Faced with significant planning and cost hurdles including the need for government legislation, the scheme was delayed by the government and then was eclipsed by the outbreak of war in September 1939. In July 1939, the committee chairman, Sir John Butters, had expressed his frustration with the delays in planning the scheme: "the longer the commencement of improvements is delayed the greater are the prospects that the scheme for making them will be abandoned altogether". A year later in 1940, it was reported that the government was considering alterations to the Macquarie Street scheme, and by 1945, the succeeding Labor Government of William McKell, was considering a new scheme centred on Circular Quay. In June 1946, a new Macquarie Street plan was unveiled by McKell's government, with new draft designs that included a public square at the top of Martin Place, a law courts building, and a theatre/opera house complex.
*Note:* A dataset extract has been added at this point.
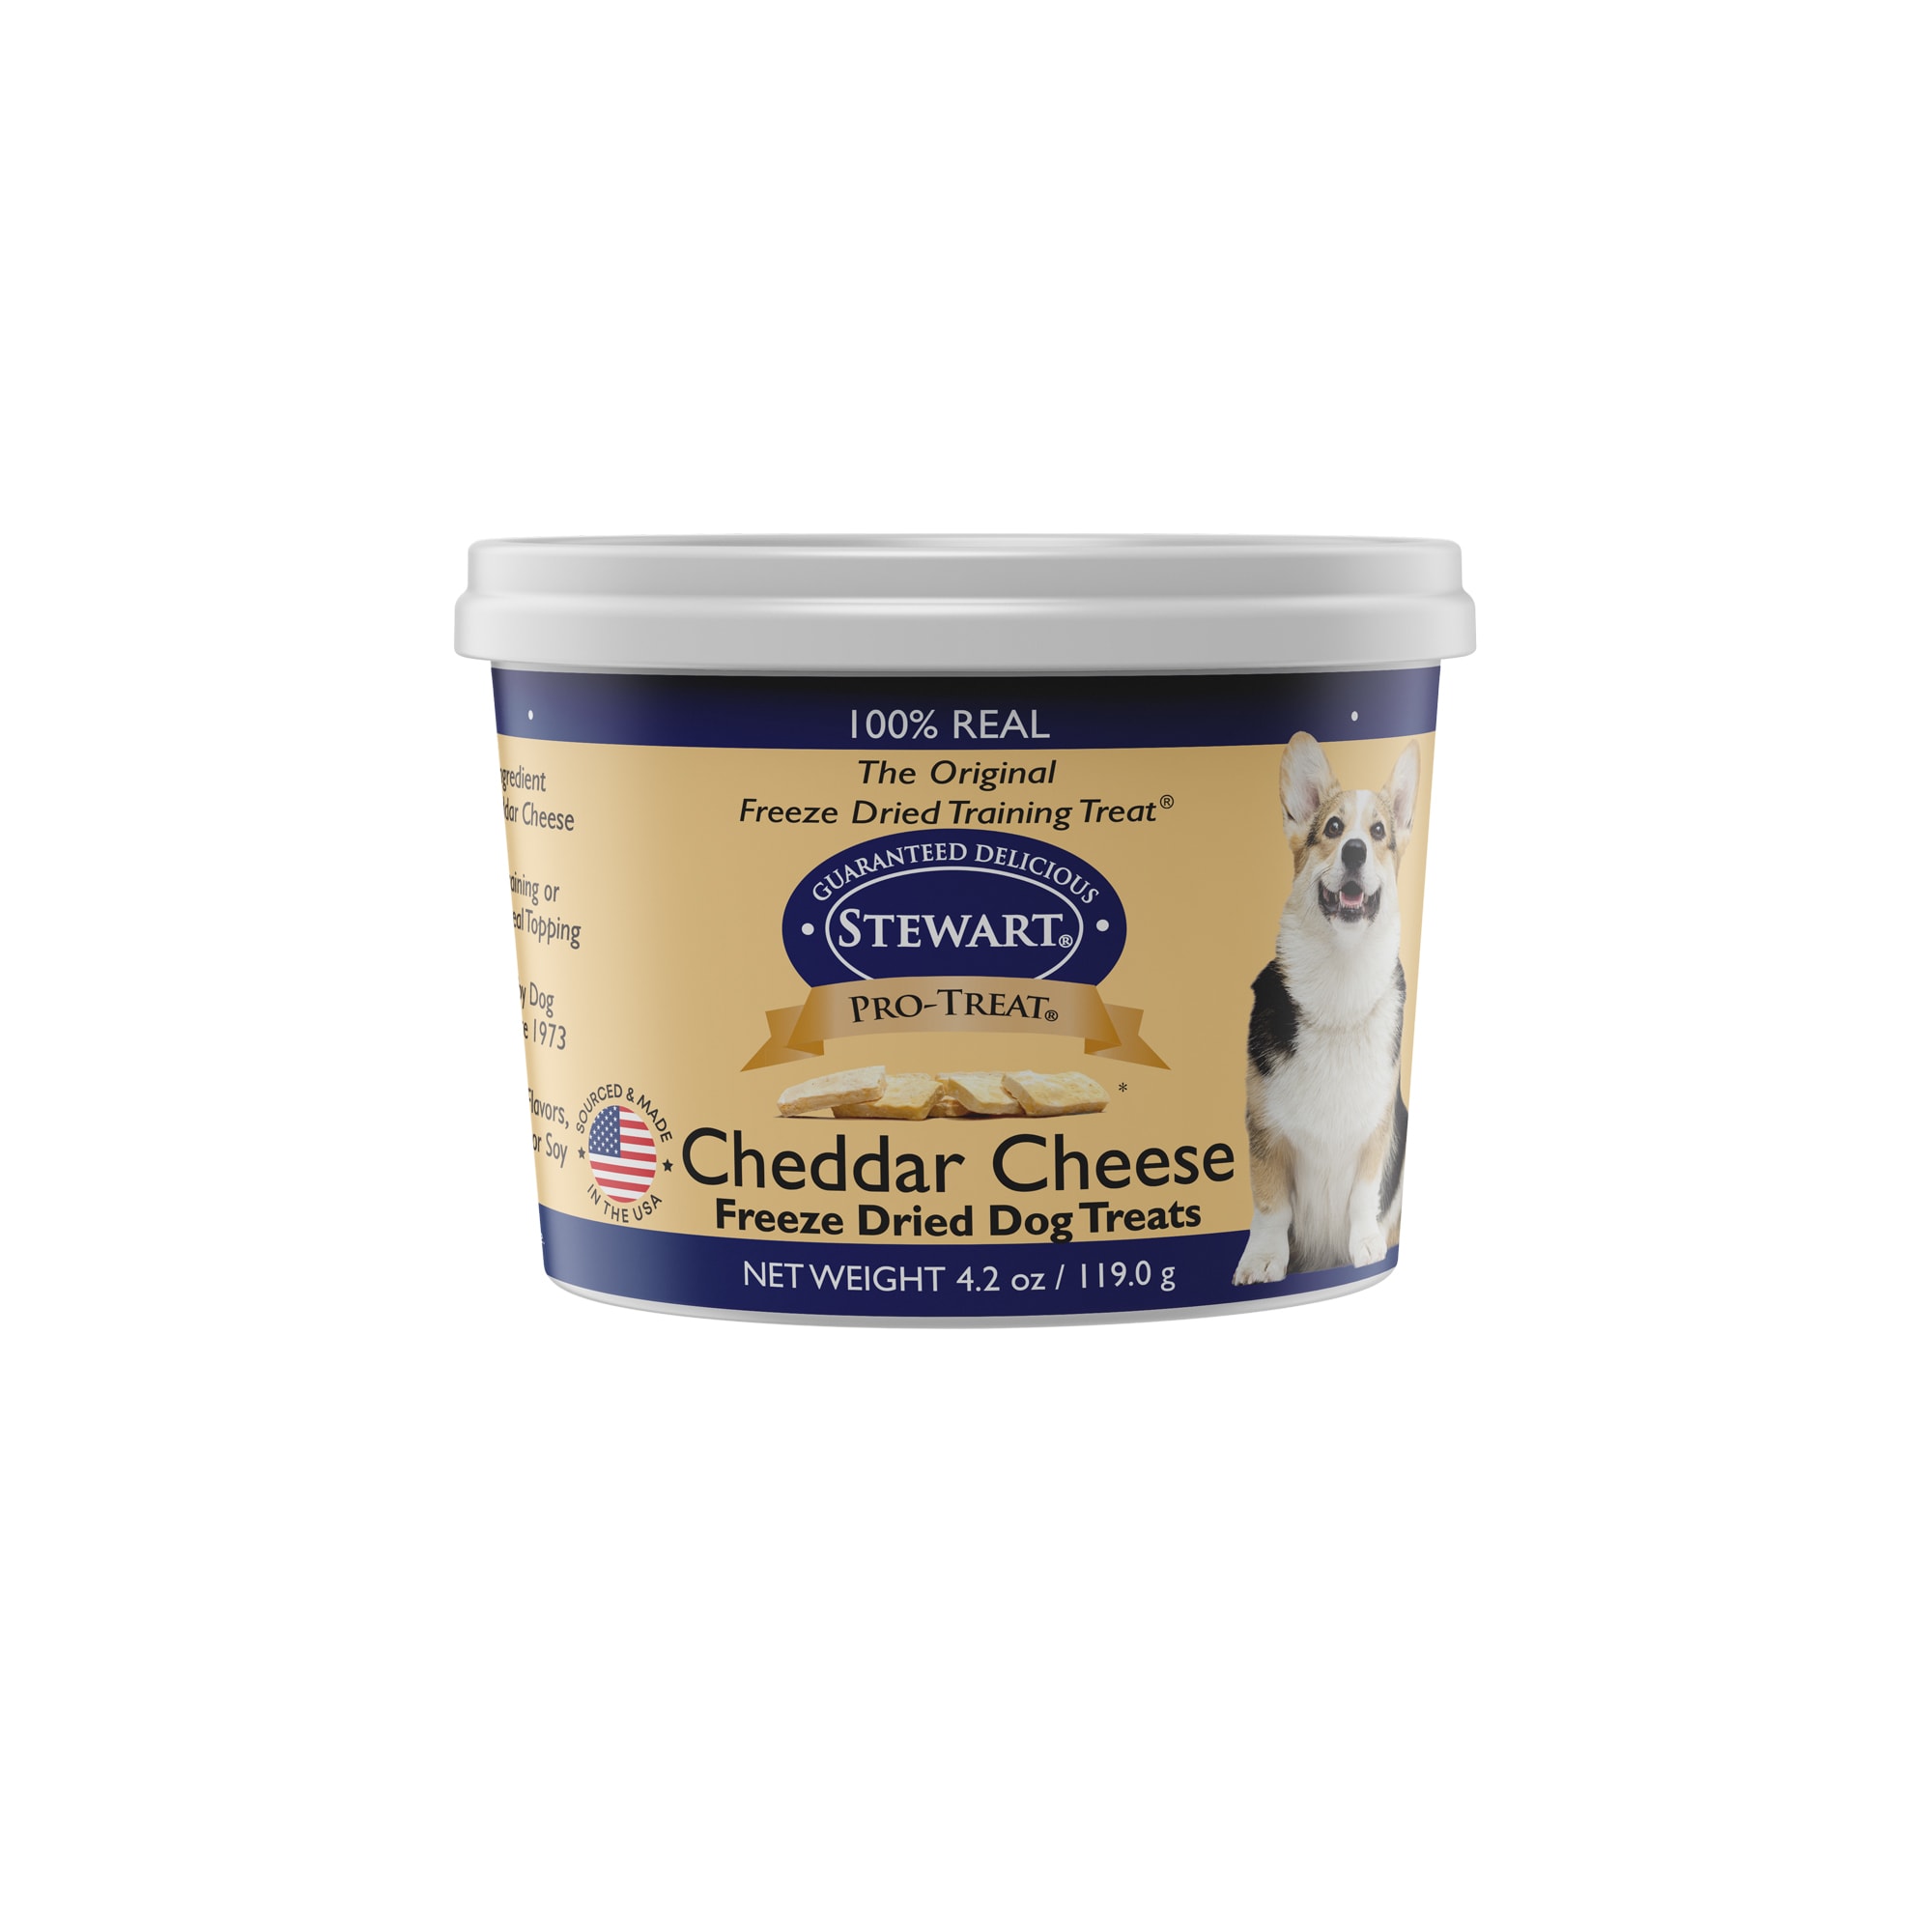 UPC 073101002150 product image for Stewart Cheddar Cheese Freeze Dried Dog Treats, 4.2 oz. | upcitemdb.com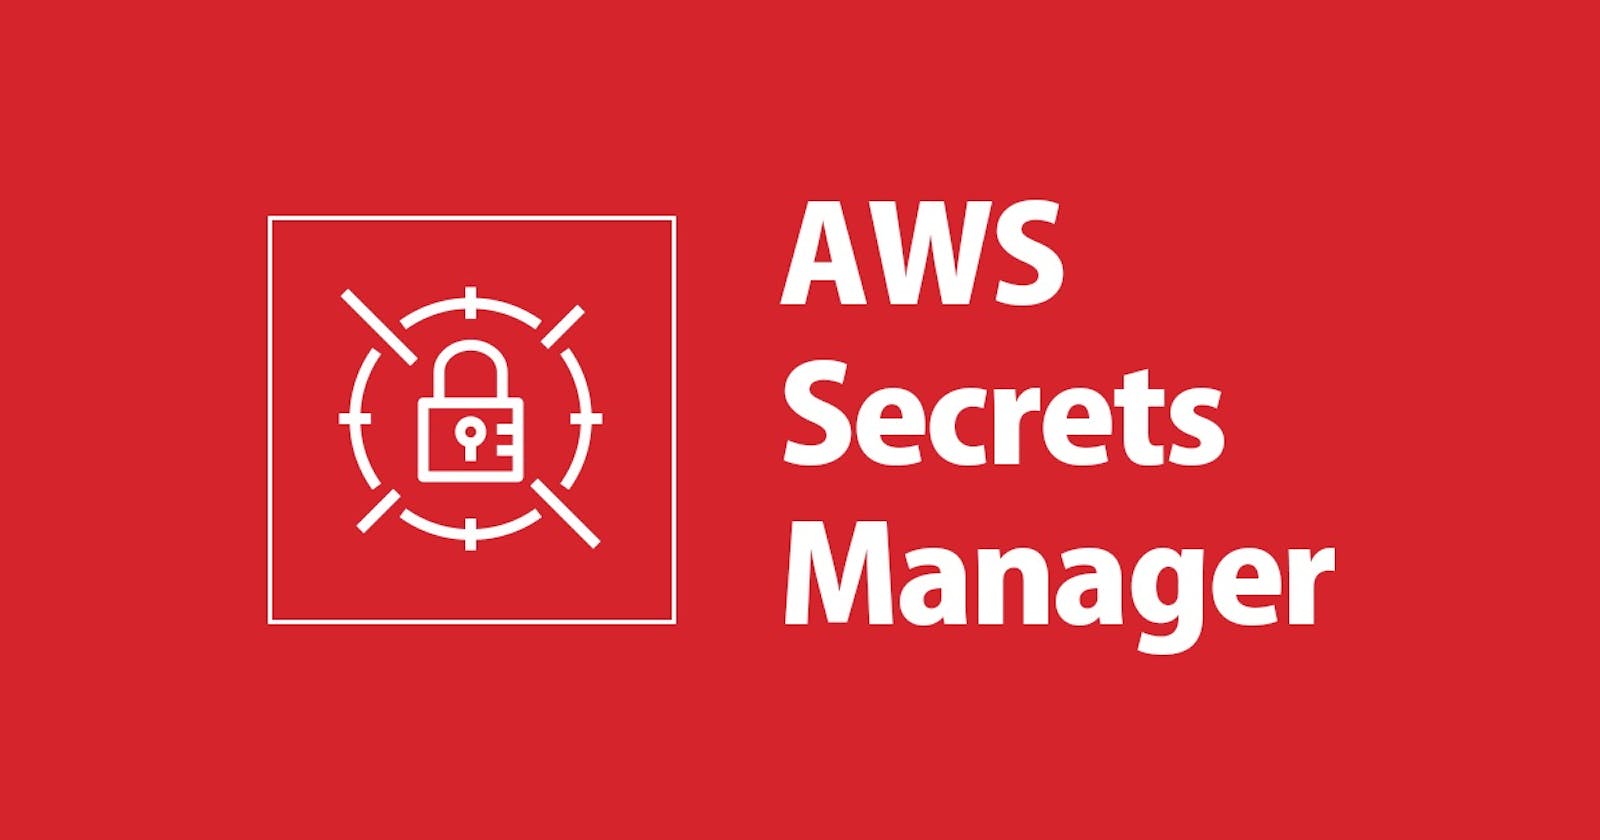 Simplify Your AWS Secrets Management with Flattened JSON

The courts commenced operation from 17 January 1977 and the Law Courts Building was officially opened by the Premier of New South Wales, Neville Wran, on 1 February 1977.

==Refurbishment 2007—2012==
Between 2007 and 2012 the Law Courts underwent a major refurbishment of interiors, services and technology by The Reed Group. Architects Group GSA and Hassell and engineers Taylor Thomson Whitting undertook the redesign with minimal changes to the external form of the building. The works included: upgrading of the base building to modern standards, removal of asbestos from structural steel, upgrading of fire compliance to current BCA standards, upgrading of energy and water reticulation and refurbishment of interiors, fittings and finishes.